*** Opening of Collected data ***

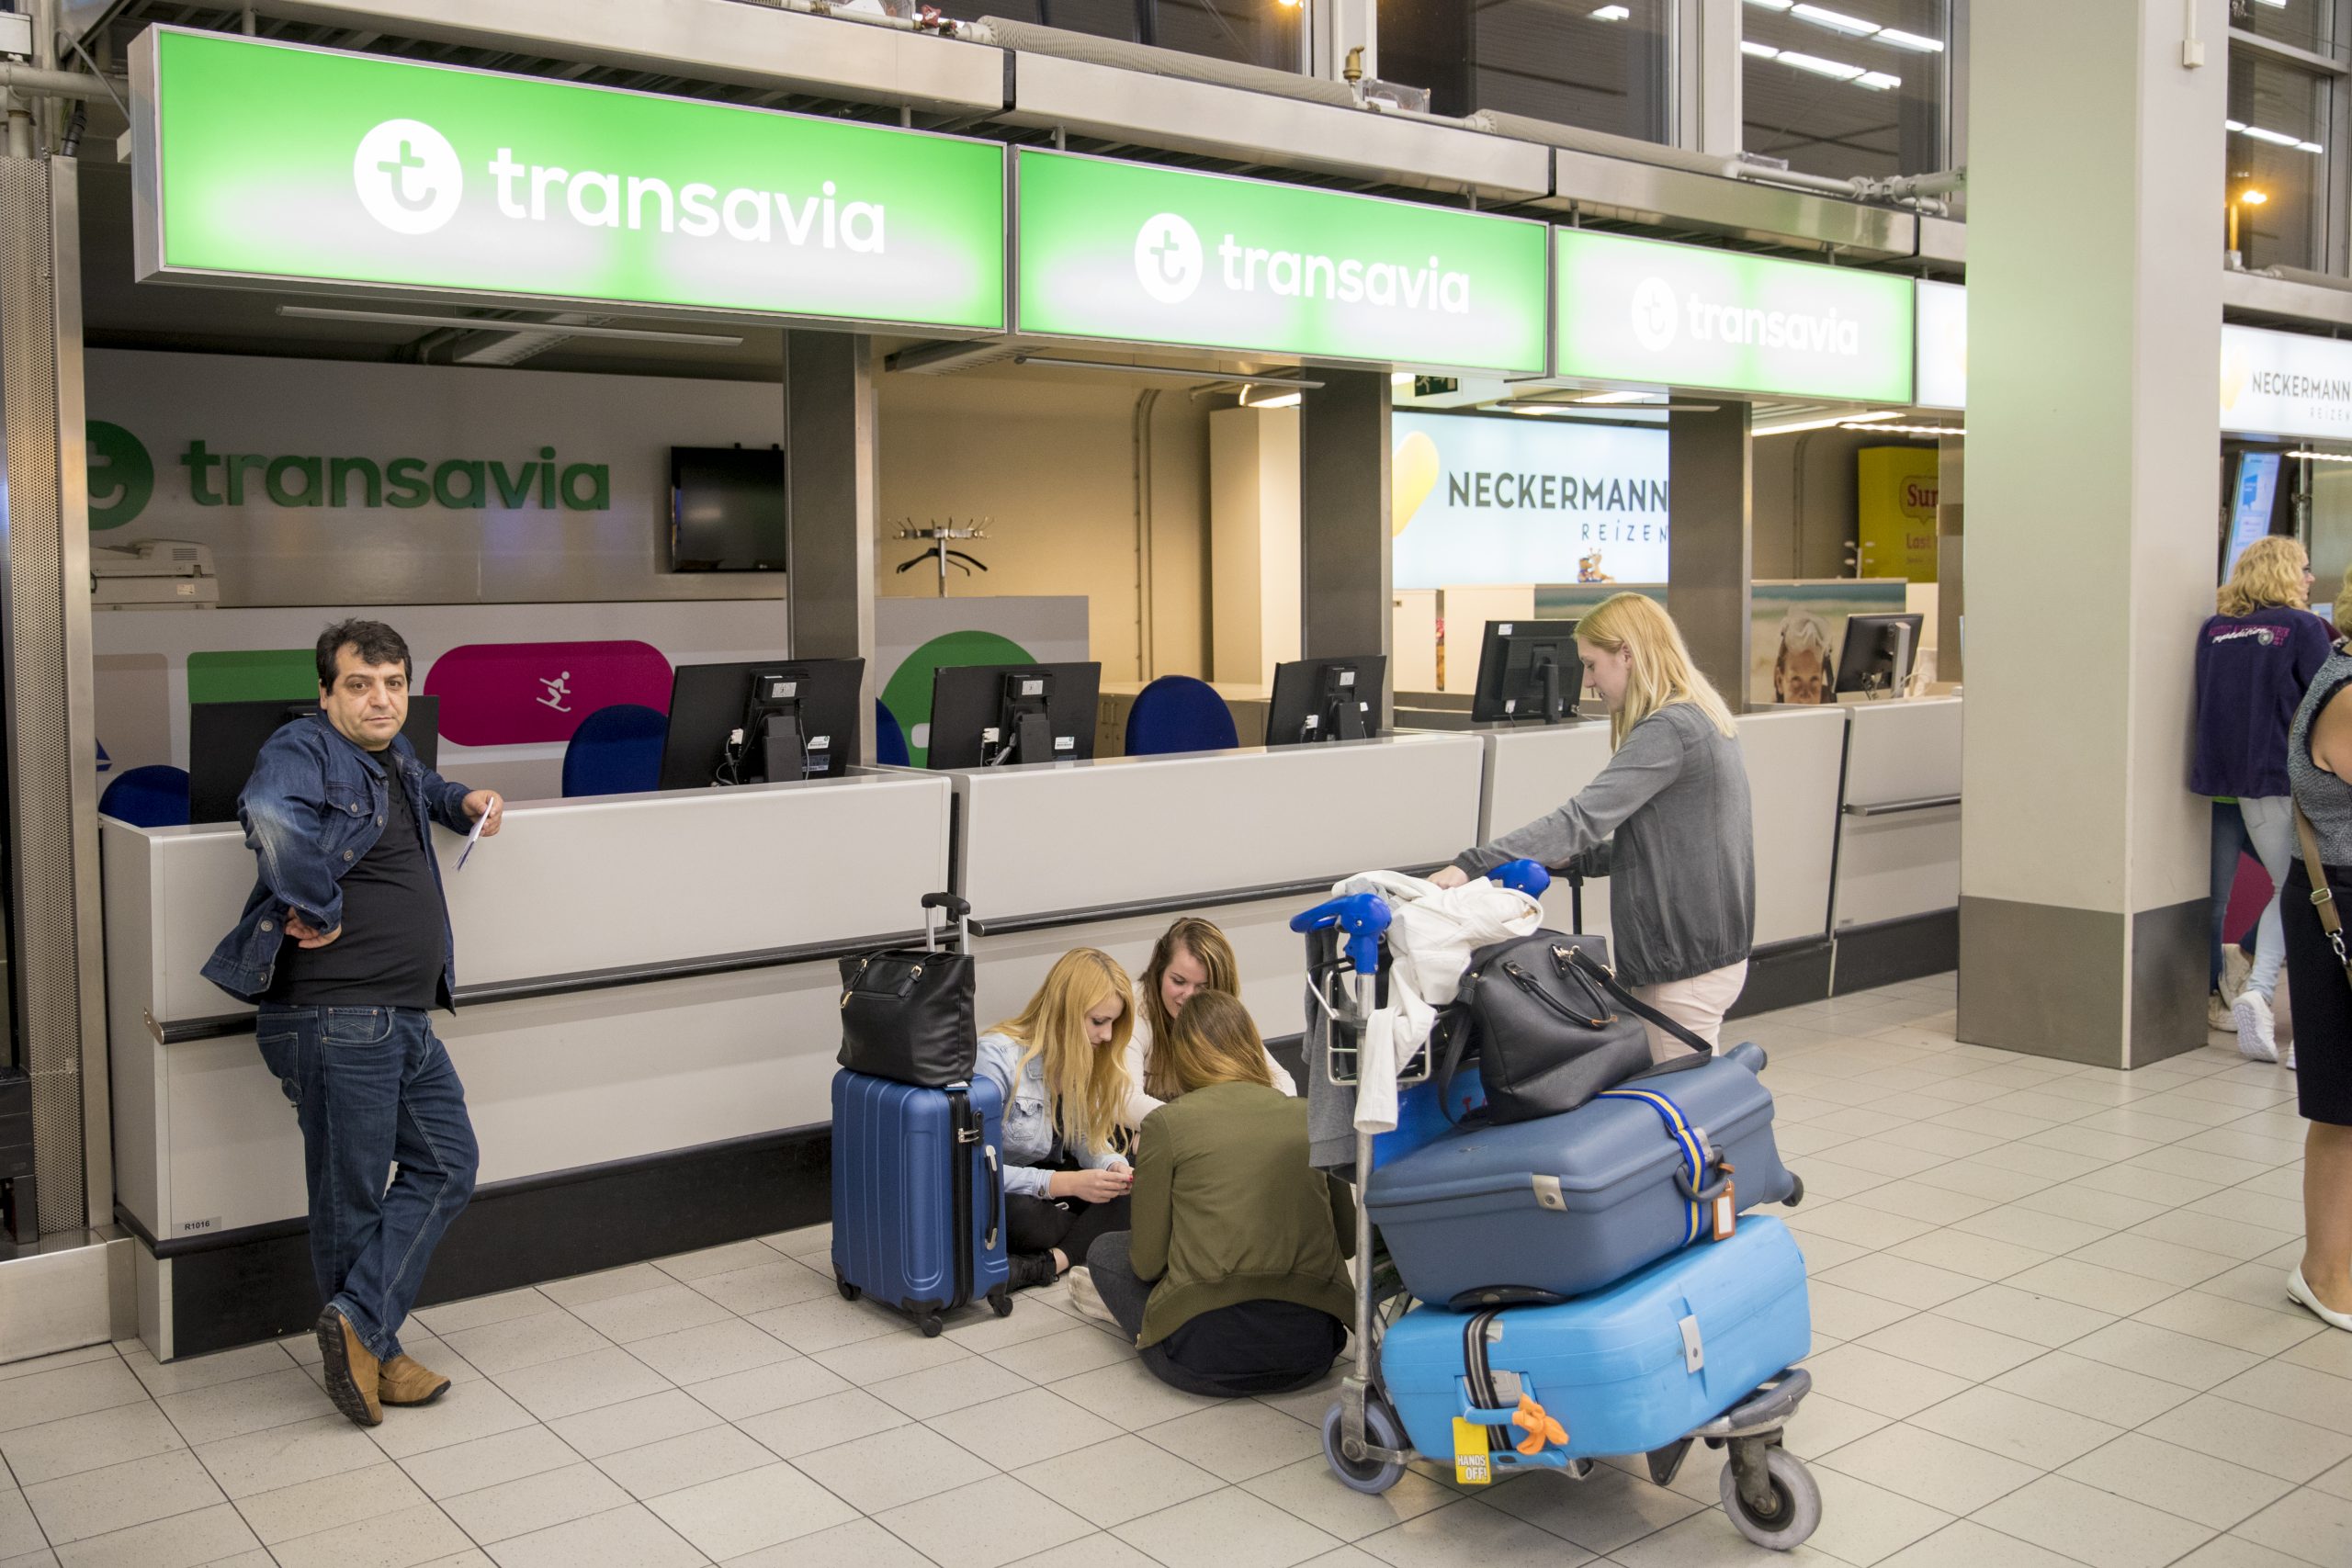 Afrika Inzichtelijk Visser Bij Transavia moet je betalen voor 'gegarandeerde handbagage'
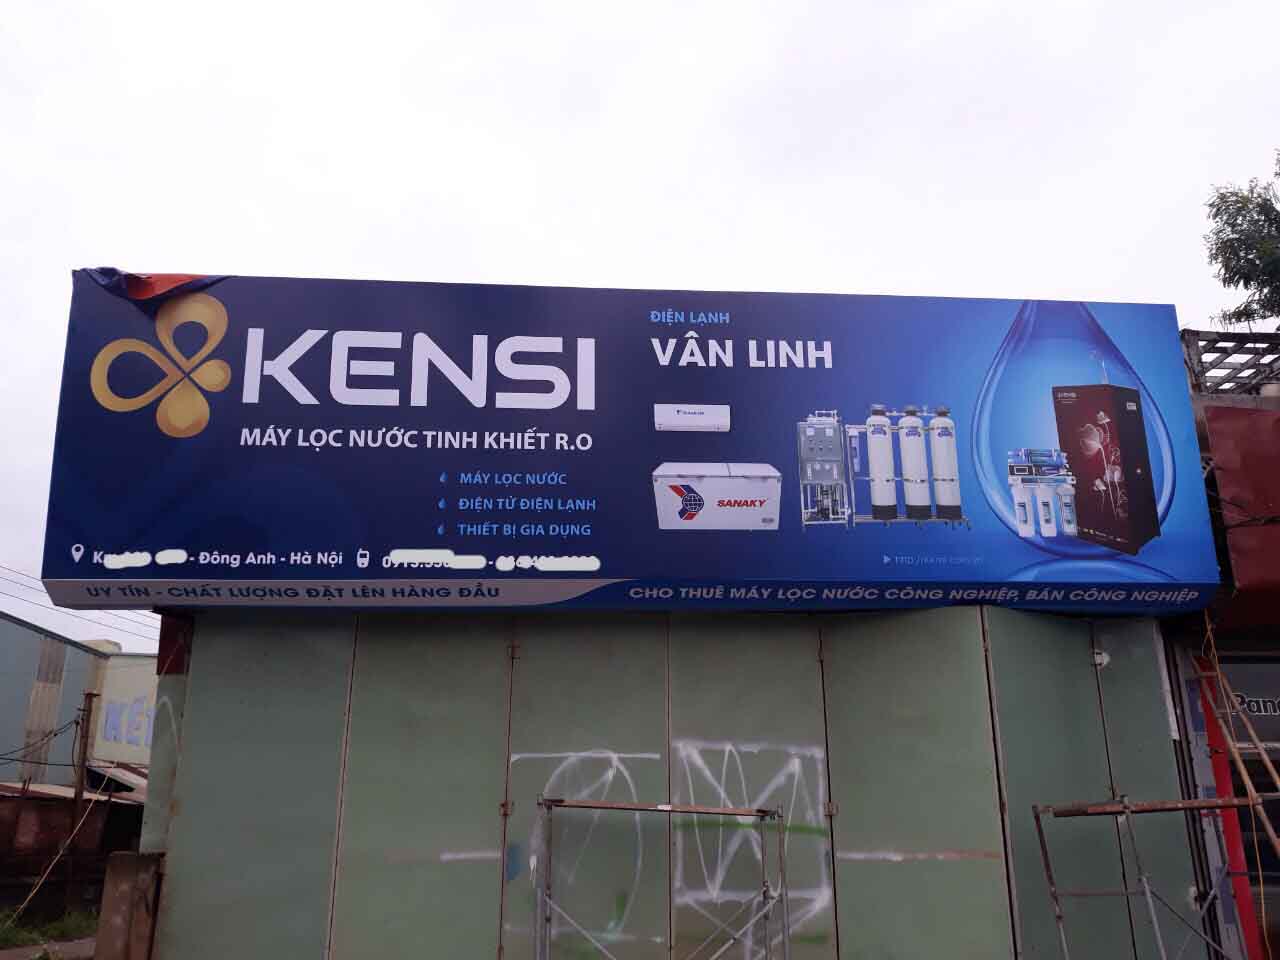 Biển hiệu Kensi quảng cáo ngoài trời tại các đại lý phân phối bán hàng chính hãng của Kensi trên khắp cả nước
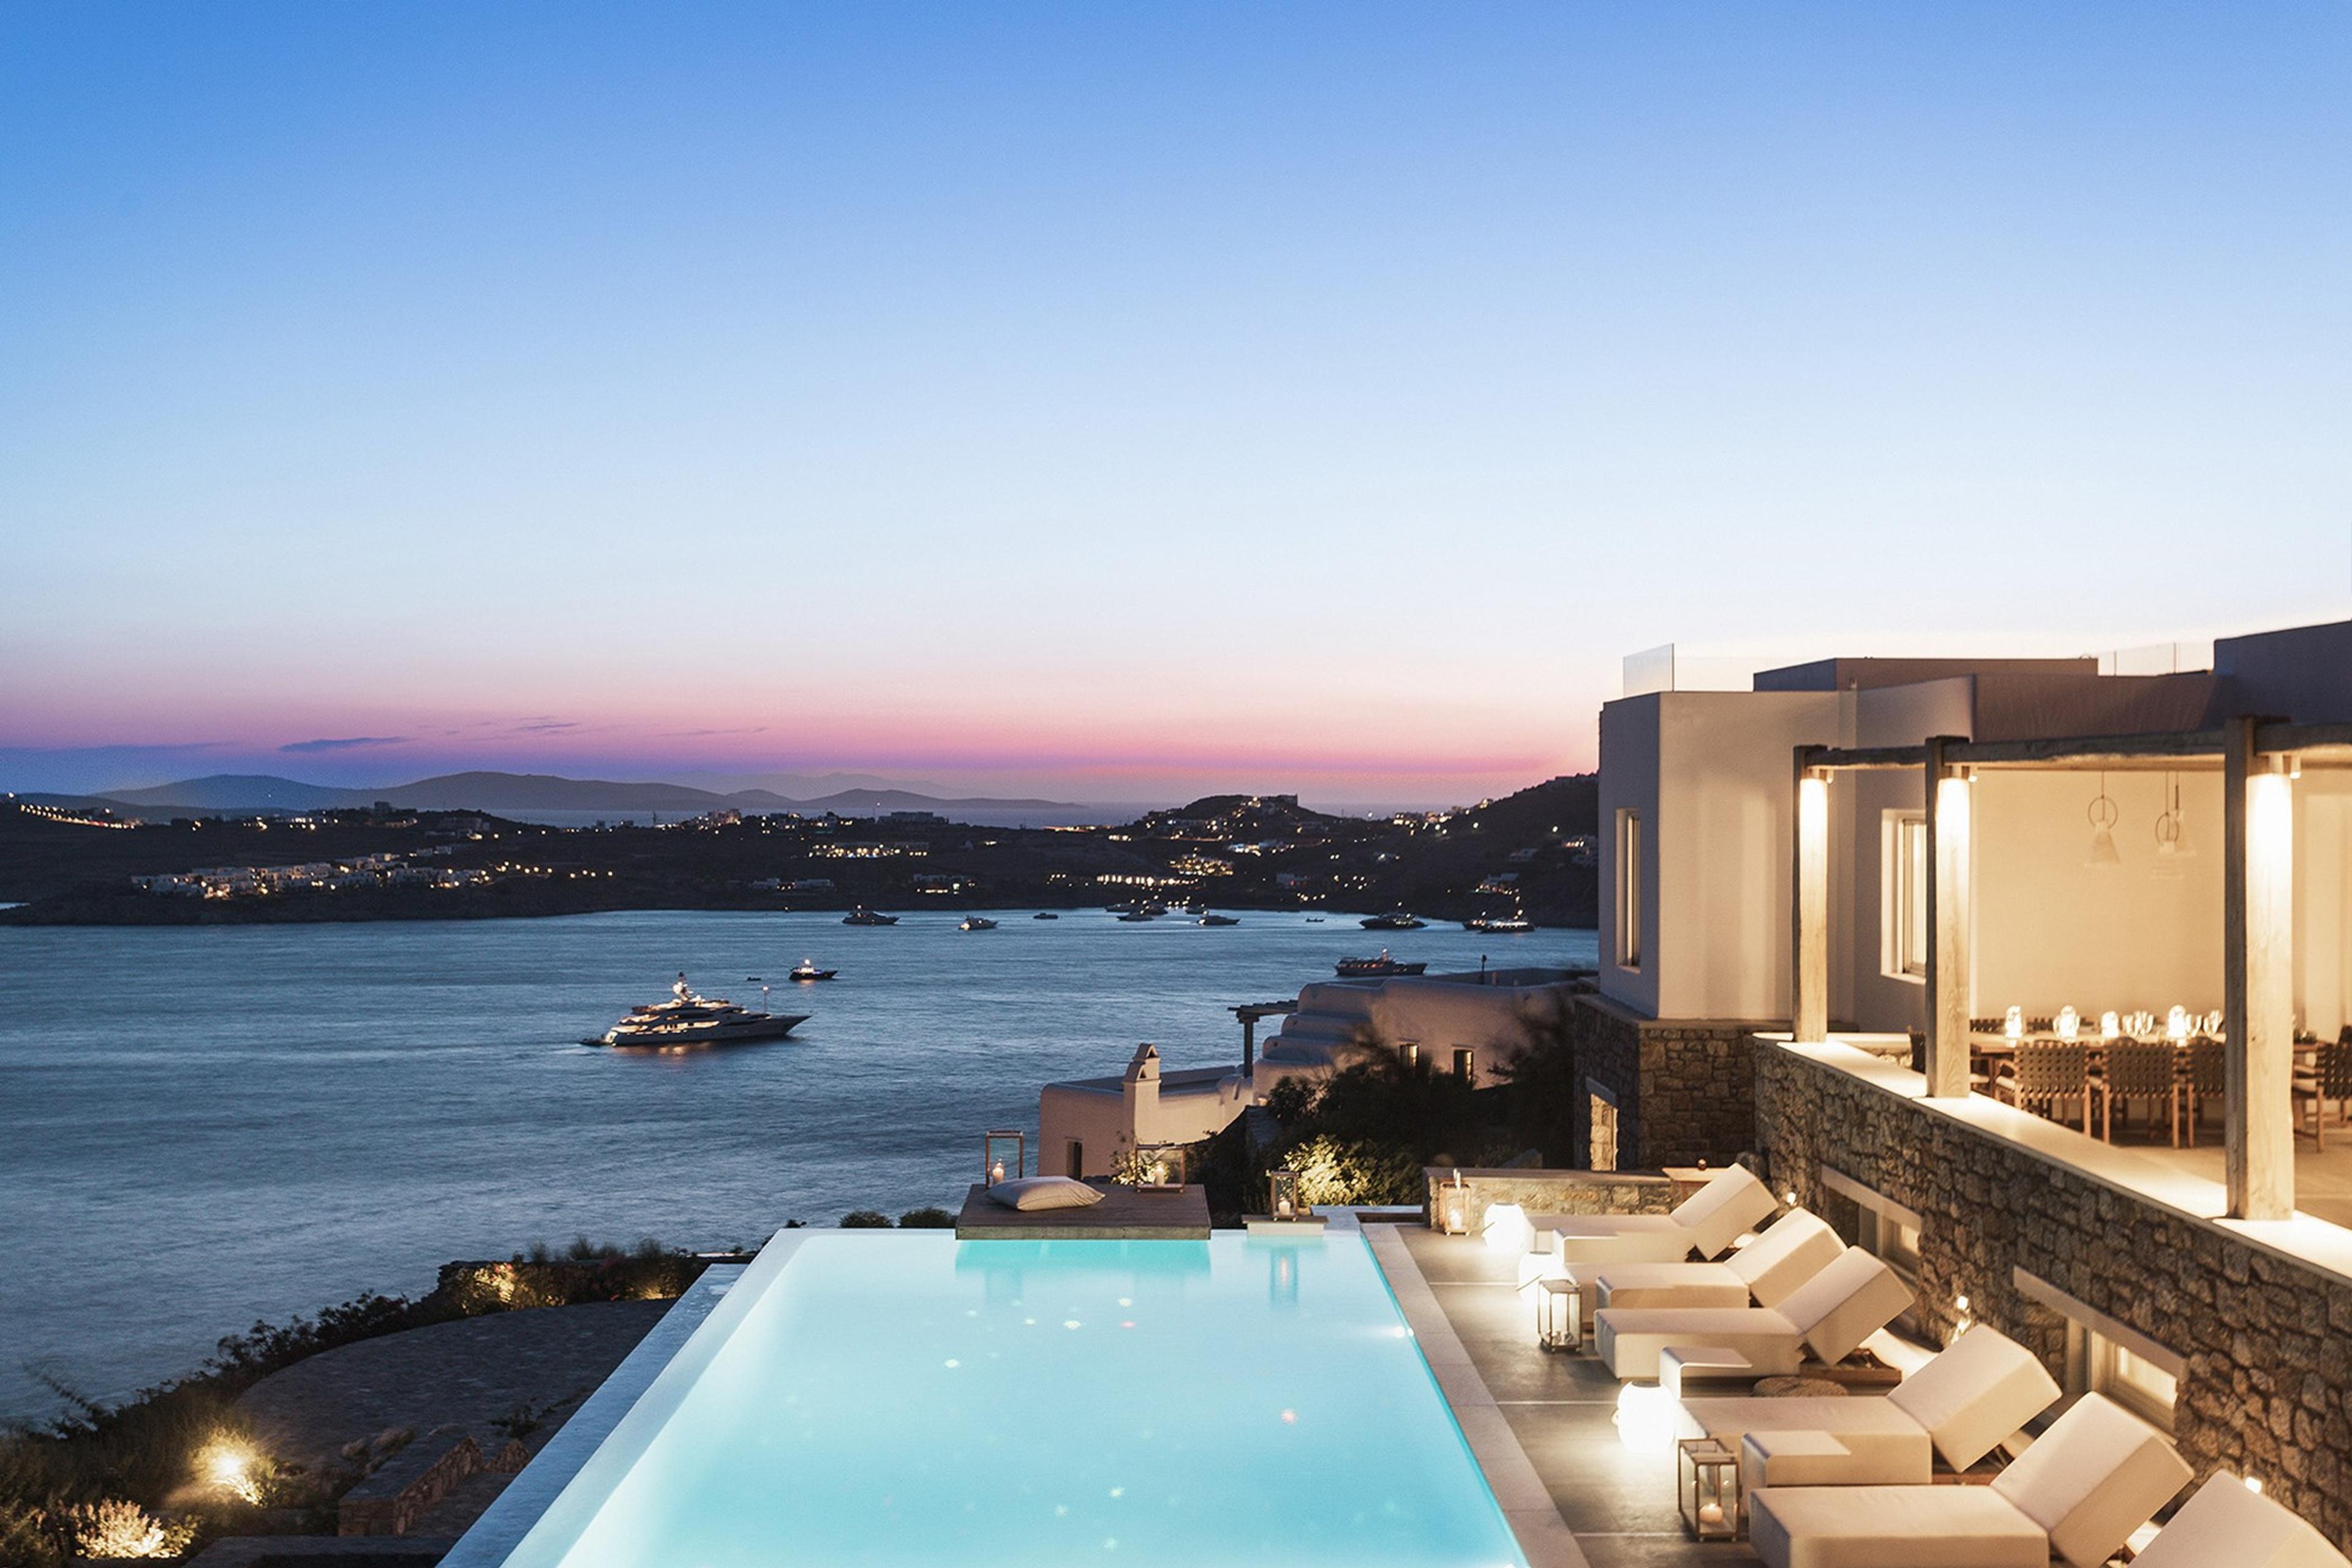 Image: Our Top 5 Luxury Sea View Villas in Mykonos

*** Close of Collected data ***

Work to be completed:
Please give again, word for word, the lines from the one containing "Biển hiệu Kensi" through the last line of the listing above, inclusive, and leave out pictures.

Solution for this problem:
 Biển hiệu Kensi quảng cáo ngoài trời tại các đại lý phân phối bán hàng chính hãng của Kensi trên khắp cả nước
 Image: Our Top 5 Luxury Sea View Villas in Mykonos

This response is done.